Anyone can climb Kids playing in trees or on monkey bars know that climbing is a natural activity, but older people often have to relearn to trust their instincts. This isn't too hard, though. The ability to maintain self-control in difficult situations is the most important trait for a beginning climber to have. Panic is almost automatic when you run out of handholds 100 feet off the ground. The typical reaction is to freeze solid until you fall off. But with a little discipline,, rational thinking, and/or distraction tactics such as babbling to yourself, humming, or even screaming, fear can change to elation as you climb out of a tough spot.
from "Let's Get Vertical," by Beth Wald

One holds the knife as one holds the bow of a cello or a tulip– by the stem. Not palmed nor gripped nor grasped, but lightly, with the tips of the fingers. The knife is not for pressing. It is for drawing across the field of skin. Like a slender fish, it waits, at the ready, then, go! It darts, followed by a fine wake of red. The flesh parts, falling away to yellow globules of fat. Even now, after so many times, I still marvel at its power–cold, gleaming, silent. More, I am still struck with a kind of dread that it is I in whose hand the blade travels, that my hand is its vehicle, that yet again this terrible steel-bellied thing and I have conspired for a most unnatural purpose, the laying open of the body of a human being.
from "The Knife," by Richard Seltzer

When a farmer calls in a cheetah capture, it is CCF's job to retrieve the animal from a field trap, gather biological information, and then relocate or release it. Normally the work is done in the field and not in a farmer's kitchen. Until last night, there had not been a call in a month–proof that that farmers are learning to co-exist with cheetahs rather than to shoot first and ask questions later.
from "Blur: Cheetahs. Ranchers. Hope.," by Susan Zimmerman

For centuries, it was assumed that honey bees simply visited flowers and collected the honey ready-made, bringing it back to the hive and storing it there. The truth of the matter is that honey making is an elaborate and complicated process. The first step is the collection of floral nectar from the gullets of colorful and fragrant blossoms. Floral nectar starts out as sugar water enriched with a few amino acids, proteins, lipids, phenolics, and other chemicals. While it sits in floral ponds, waiting to be sampled by pollinators, the nectar takes on the aroma of the flowers that produced it. Though the scent of the nectar itself is faint, the aromas are intensified once it is concentrated into honey. Excess water is driven off and the complex volatile oils and other chemicals from the flower are magnified, becoming part of the honey and adding to its appeal. Single-source honeys reveal their characteristic aromas best at room temperature, especially when drizzled across a warm piece of toast.
from Secrets of the Bee

Wear loose and comfortable clothing when working out. Because a warmed muscle is believed to be more flexible and pliant, you will often see people wearing sweat suits and woolen socks. You should also be sure to position yourself as comfortably as possible to reduce the tension and make the stretching more enjoyable.from The Science of Stretching, by Michael Alter

Freewrite: Make a list of all the things you can do.

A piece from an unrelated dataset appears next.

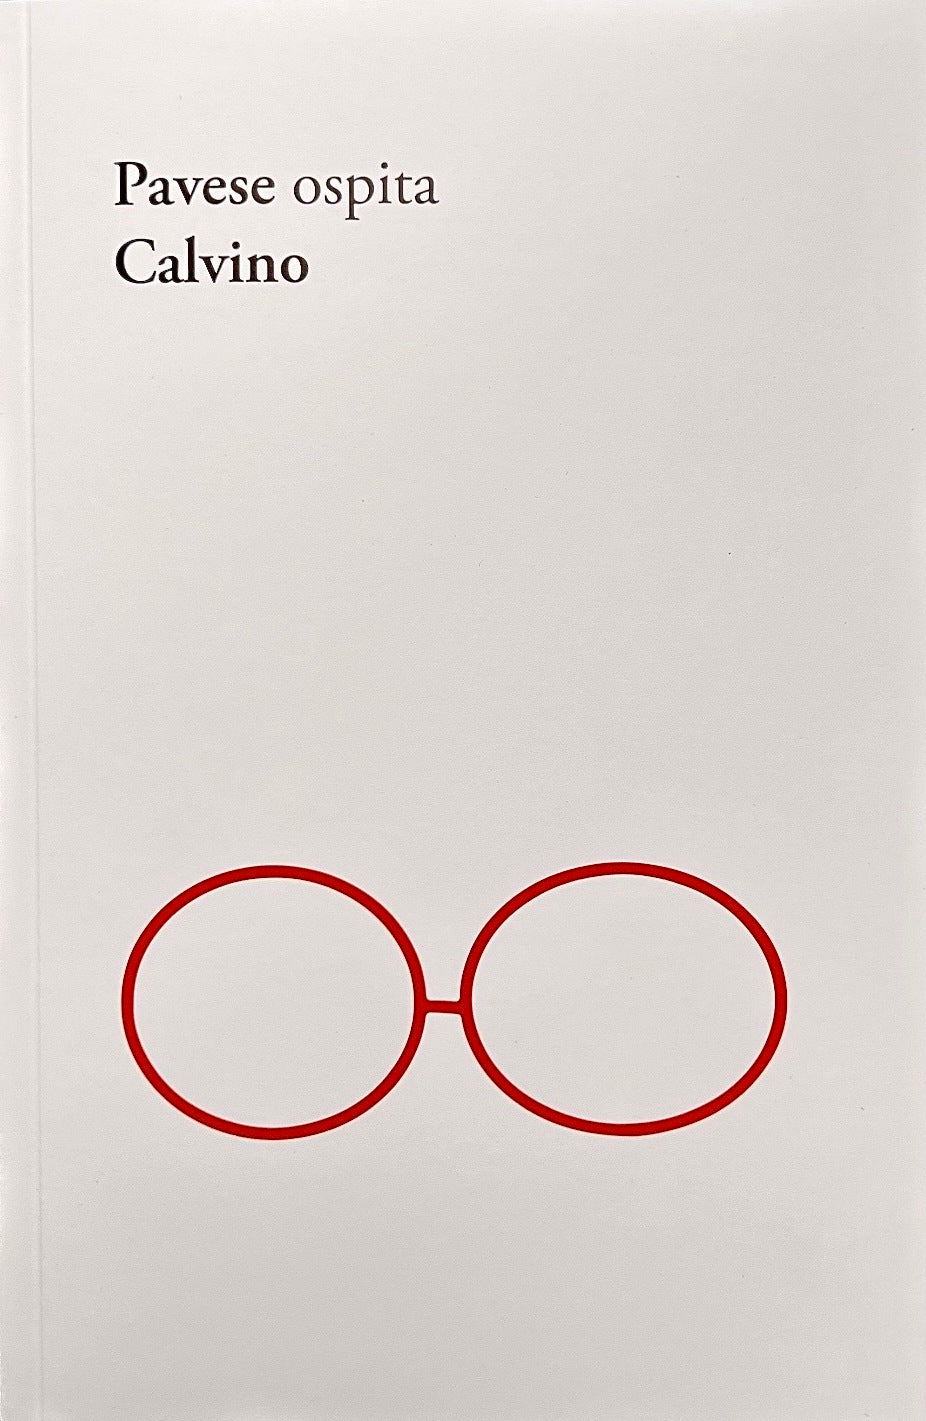 Catalogo mostra "Pavese ospita Calvino"

Free associate. Imagine the times and places and people these things you do have involved.

Choose one or two as a possible subject of description in process mode.

Assignment #5: In a step-by-step or stage-by stage description show the means by which some thing or another happens or gets done, made, or developed. Write 350 words, using an introductory, body, and concluding paragraphs. Title the essay. Double space the lines.

Grammar Practice: Review verb work and introduce pronoun use guidelines for practice.